# Vaporesso Swag 2 mod only - Silver



## Ruwaid (6/1/20)

Hi guys
Any local vendor stocking the Swag 2 mod only? Besides sirvape.
Thank you

Reactions: Like 1


----------



## RenaldoRheeder (7/1/20)

Ruwaid said:


> Hi guys
> Any local vendor stocking the Swag 2 mod only? Besides sirvape.
> Thank you



Evolutionvape had them 


Sent from my iPhone using Tapatalk

Reactions: Like 1 | Thanks 1


----------



## Vaperite South Africa (12/1/20)

We only sell the full kit. Literally no market for just the mod so we only bring in the kit.

Reactions: Like 1


----------



## ShamZ (13/1/20)

Vaperite South Africa said:


> We only sell the full kit. Literally no market for just the mod so we only bring in the kit.


This statement is flawed. 

There is obviously a market if the man who posted this is asking, as well as the countless pictures on this very forum of swags with other RTAs on them.

Haha but I'm just busting your balls. No ill intent.

All the best

Reactions: Agree 2 | Funny 1


----------



## Ruwaid (13/1/20)

Thanks guys im sorted. Bought kit for jus the mod only.

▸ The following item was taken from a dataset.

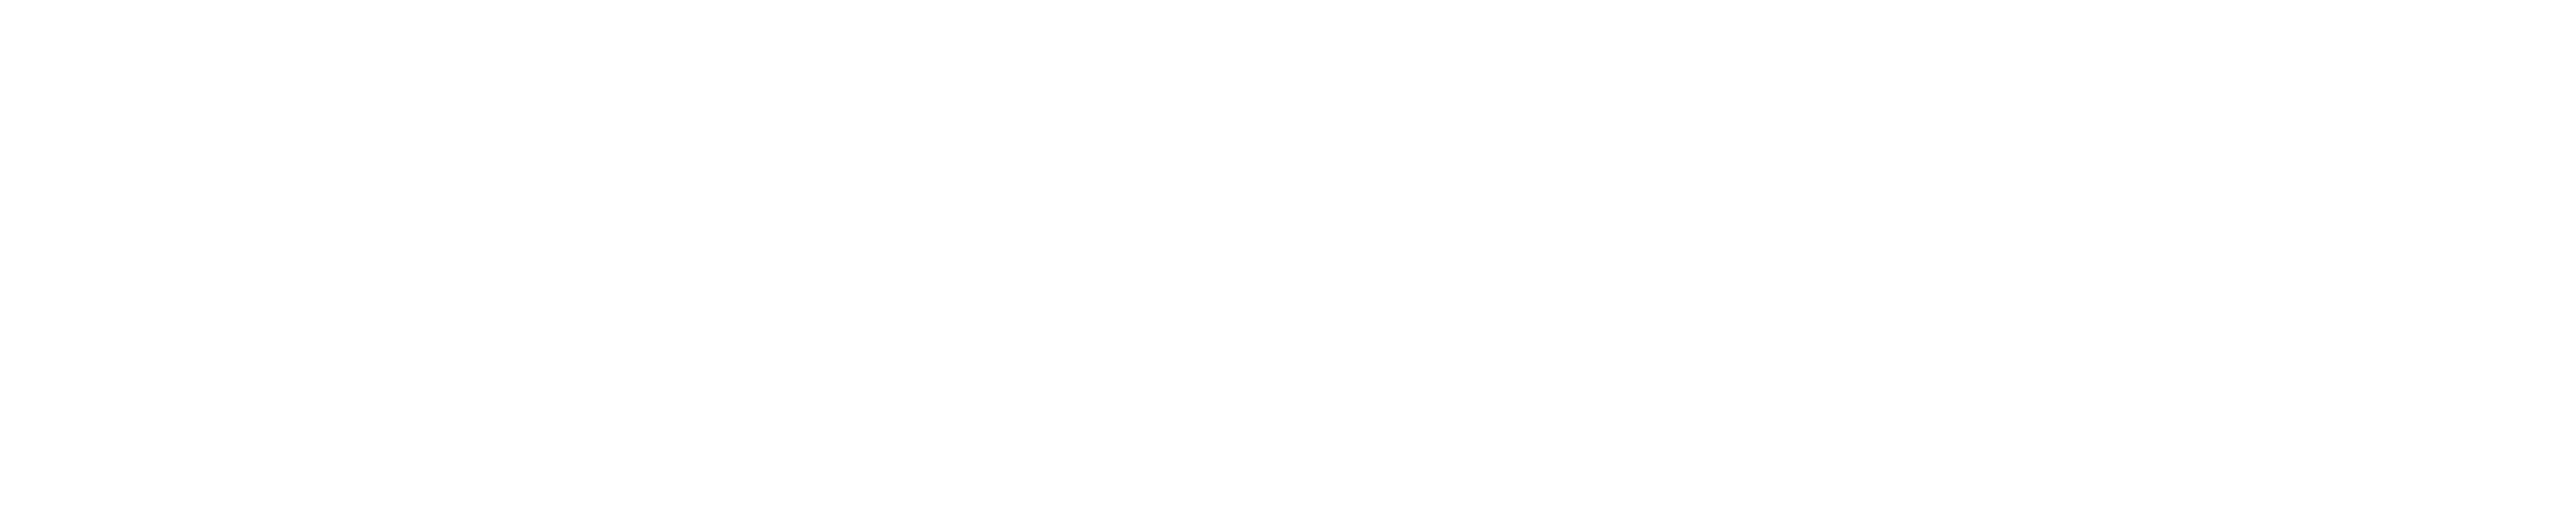 Davis Wire

Reactions: Like 4 | Winner 3


----------



## shaun2707 (13/1/20)

Ruwaid said:


> Thanks guys im sorted. Bought kit for jus the mod only.
> View attachment 187348



Awesome setup bud!! Looks great


Sent from my iPhone using Tapatalk

Reactions: Agree 3 | Thanks 1


----------



## CJB85 (14/1/20)

Ruwaid said:


> Thanks guys im sorted. Bought kit for jus the mod only.
> View attachment 187348


I went the Fasttech route for a mod only on their new years sale, got the black ones for $23.50 each... now just for the wait.

Reactions: Winner 3


----------



## Steve Claassen (28/1/20)

I did the same and the wait is quite a wait I might add. 3fvape for me though

Reactions: Like 2


----------



## CashKat88 (28/1/20)

Steve Claassen said:


> I did the same and the wait is quite a wait I might add. 3fvape for me though


Can we order from element vape at all? never ordered a mod from abroad but i've got my eye on a few at element vape

Reactions: Like 1


----------



## M.Adhir (28/1/20)

CashKat88 said:


> Can we order from element vape at all? never ordered a mod from abroad but i've got my eye on a few at element vape



You can- they ship from USA though so you might get knocked heavily on shipping.
Use a MyUS box- much cheaper for shipping but still expect a minimum of $50 to ship via DHL/ MyUS to SA. And expect a handling/ document fee (around R150 on arrival, plus VAT as well - both payable to DHL as they handle all the drama for you).

Reactions: Like 2


----------



## vapeandacrepe (2/11/20)

**BUMP**

Anyone know any vendors selling the swag 2 **mod only** in Black or Carbon Fiber? Sirvape seems to be the only one but no stock atm.

Thanks!

Reactions: Like 1


----------



## adriaanh (2/11/20)

vapeandacrepe said:


> **BUMP**
> 
> Anyone know any vendors selling the swag 2 **mod only** in Black or Carbon Fiber? Sirvape seems to be the only one but no stock atm.
> 
> Thanks!



https://thevapestudio.co.za/collect...-swag-ii-80w-vw-tc-mod?variant=33115417346101

Reactions: Like 1 | Winner 1


----------



## vapeandacrepe (2/11/20)

adriaanh said:


> https://thevapestudio.co.za/collect...-swag-ii-80w-vw-tc-mod?variant=33115417346101


Legend! Thank you man, just placed my order.

Reactions: Like 2


----------



## vapeandacrepe (6/11/20)

Swag 2 w/ Berserker 1.5 MTL

Reactions: Like 2 | Winner 2


----------